The Arabia Desert, the largest in Asia, and the fifth largest in the world, occupies most of the Arabian Peninsula. In the south, between Yemen and Oman, lies the Rub’al Khali – “The Empty Quarter” – one of the most extreme environments on earth. In the second century BCE, the Egyptian astronomer, cartographer, and philosopher Claudius Ptolemy drew the first map of this region, showing mountains, rivers, and cities. One of these cities, Mar’ib, Mariama in Ptolemy’s map, was the capital of the ancient kingdom of Saba – the legendary land of Sheba. Another city, Shabwa (Sabbatha), was the capital of the Hadhramaut. The Quran [46:21] tells us that the tribe of ‘Ad lived in the al-Ahqaf – the sand dunes in the southern part of the Arabian Peninsula. The late 19th century Muslin scholar Abdullah Yusuf Ali, defines this region as “extending from Umman at the mouth of the Persian Gulf to Hadhramaut and Yemen at the southern end of the Red Sea.” He describes its people as being tall in stature and great builders irrigating their land with canals. According to the Quran [89:6-13]

Did you not see how your Lord dealt with ‘Ad — the people of Iram—with their great stature, unmatched in any other land; and Thamûd who carved their homes into the rocks in the Stone Valley; and the Pharaoh of mighty structures? They all transgressed throughout the land, spreading much corruption there. So your Lord unleashed on them a scourge of punishment.

The punishment is described in Book 29, Verse 40:

So We seized each people for their sin: against some of them We sent a storm of stones, some were overtaken by a mighty blast, some We caused the earth to swallow, and some We drowned. Allah would not have wronged them, but it was they who wronged themselves.

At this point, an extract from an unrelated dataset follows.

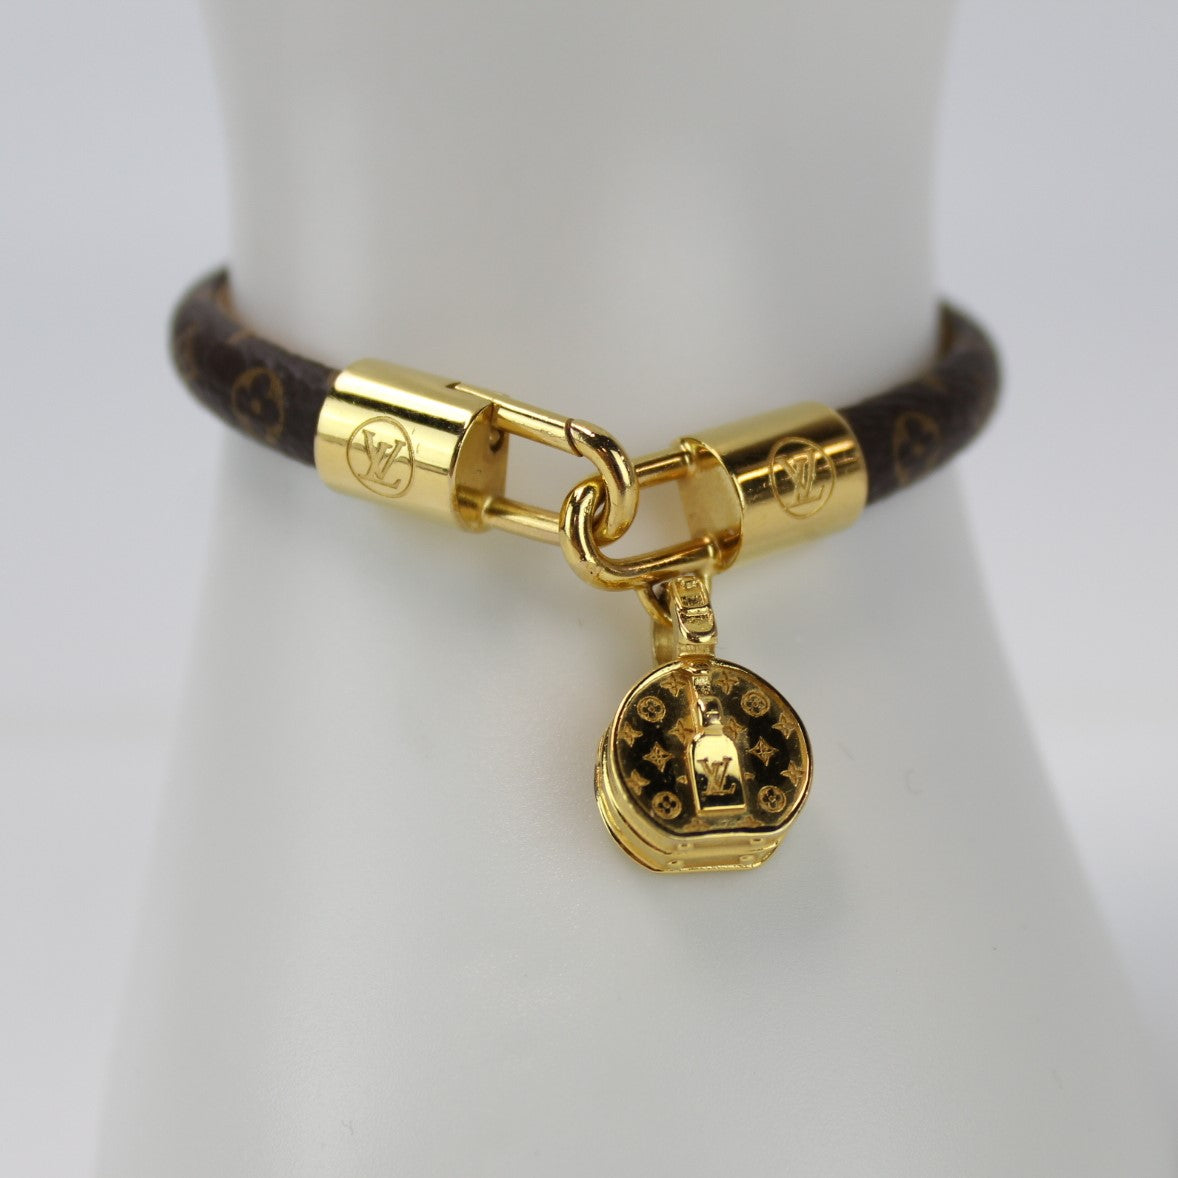 Louis Vuitton LV Logo Bracelet with Backpack Charm

According to the 12th-century Yemeni historian, Nashwān ibn Saʻīd al-Ḥimyarī, “Wabar is the name of the land which belonged to ‘Ad in the eastern parts of Yemen; to-day it is an untrodden desert owing to the drying up of its water. There are to be found in it great buildings which the wind has smothered in sand.”

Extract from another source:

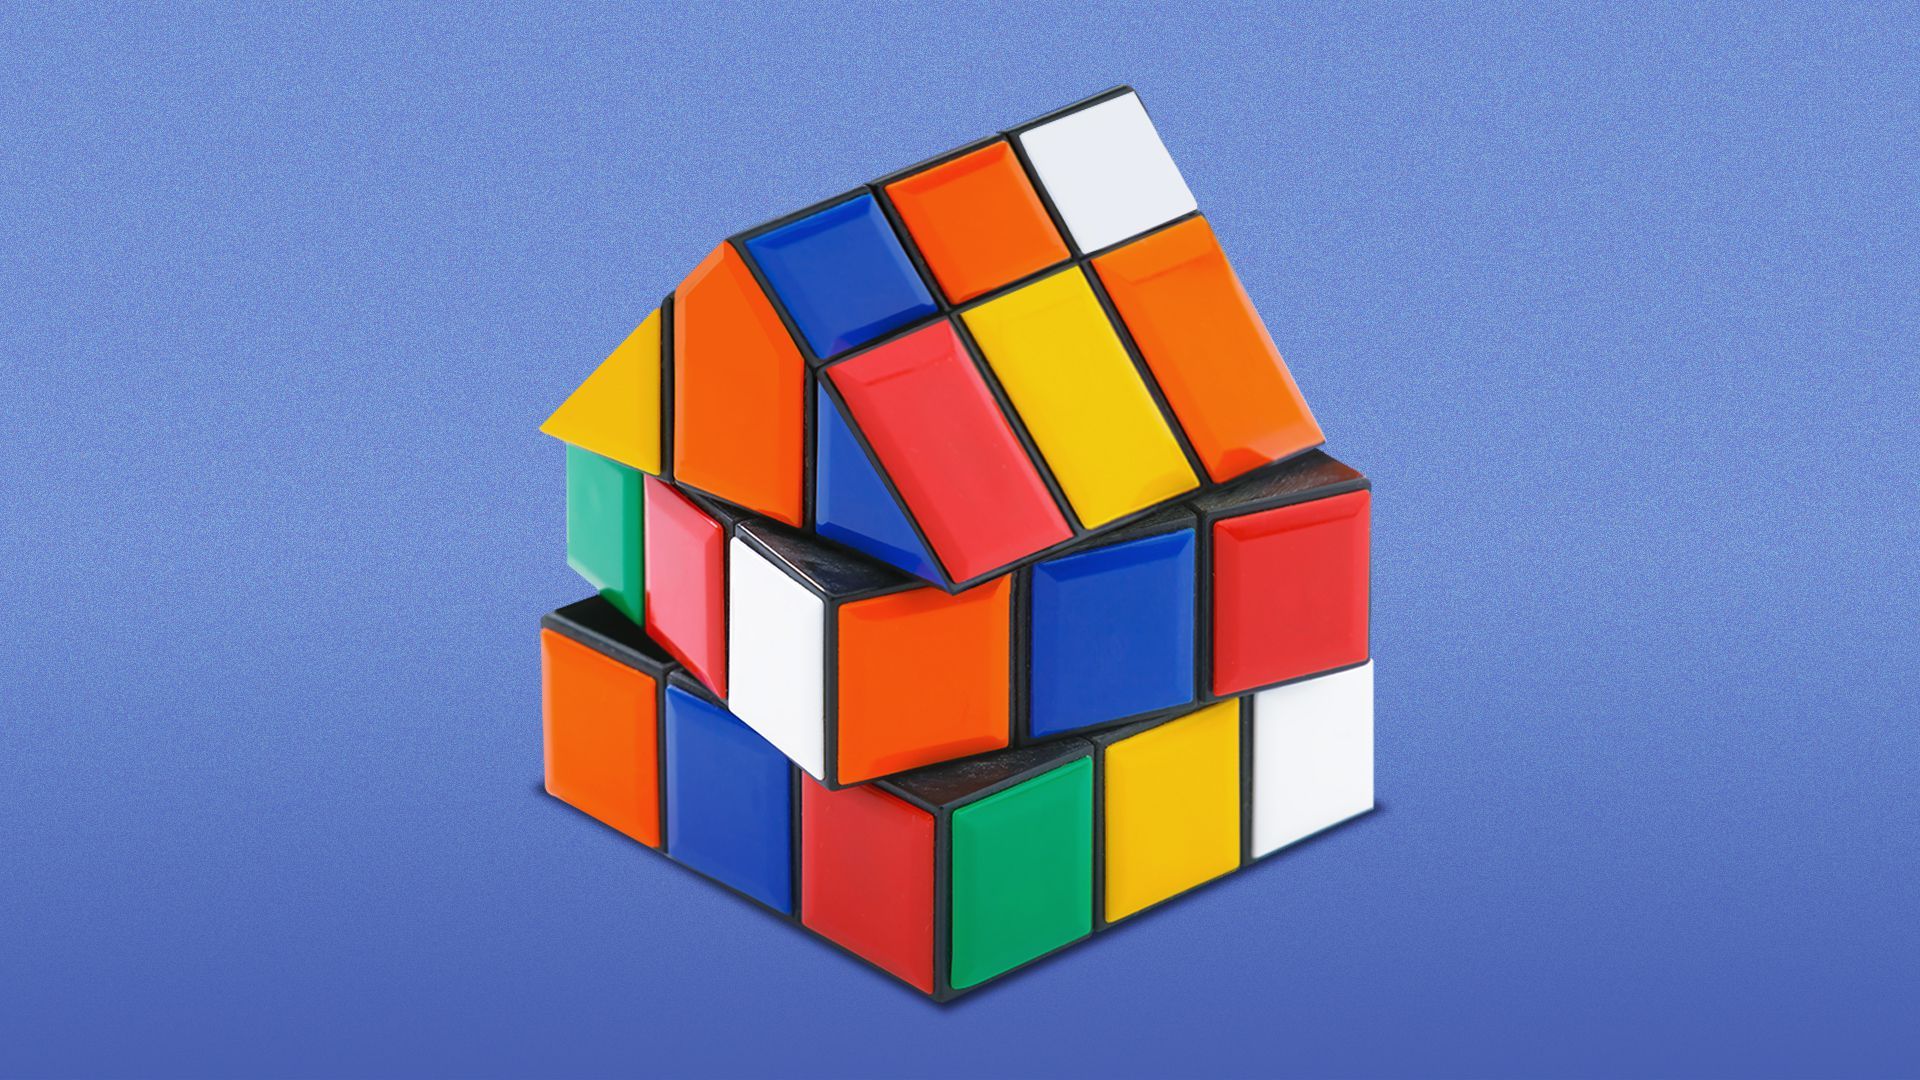 Illustration of a Rubik's cube in the shape of a house.

Ptolemy’s map, together with these and other ancient references inspired 19th-century Western archaeological expeditions. Bertram Thomas, who crossed the Rab’al Khali in 1930, provides the first clues about the possible location of a lost city in Southern Arabia:

Suddenly the Arabs … pointed to the ground. ‘“Look, Sahib,” they cried. ‘”here is the road to Ubar. It was a great city, our fathers have told us, that existed of old; a city rich in treasure, with date gardens and a fort of red silver [gold?]. It now lies buried beneath the sands in the Ramlat Shu’ait, some few days to the north.” Other Arabs on my previous journeys had told me of Ubar, the Atlantis of the sands, but none could say where it lay. All thought of it had been banished from my mind when my companions cried their news and pointed to the well-worn tracks, about a hundred yards in cross section, graven in the plain. They bore 325°, approximately lat. 18° 45′ N., long. 52° 30’ E. on the verge of the sands.

The British explorer John Philby believed Ubar and Wabar referred to the same place. Roughly 250 miles northwest from Thomas’s location lies Al Hadida, where year later, Philby set out to find Wabar. Instead, he found five blackened meteor craters filled with sand and declared “So that was Wabar, the city of the wicked king ‘Ad destroyed by fire from heaven.”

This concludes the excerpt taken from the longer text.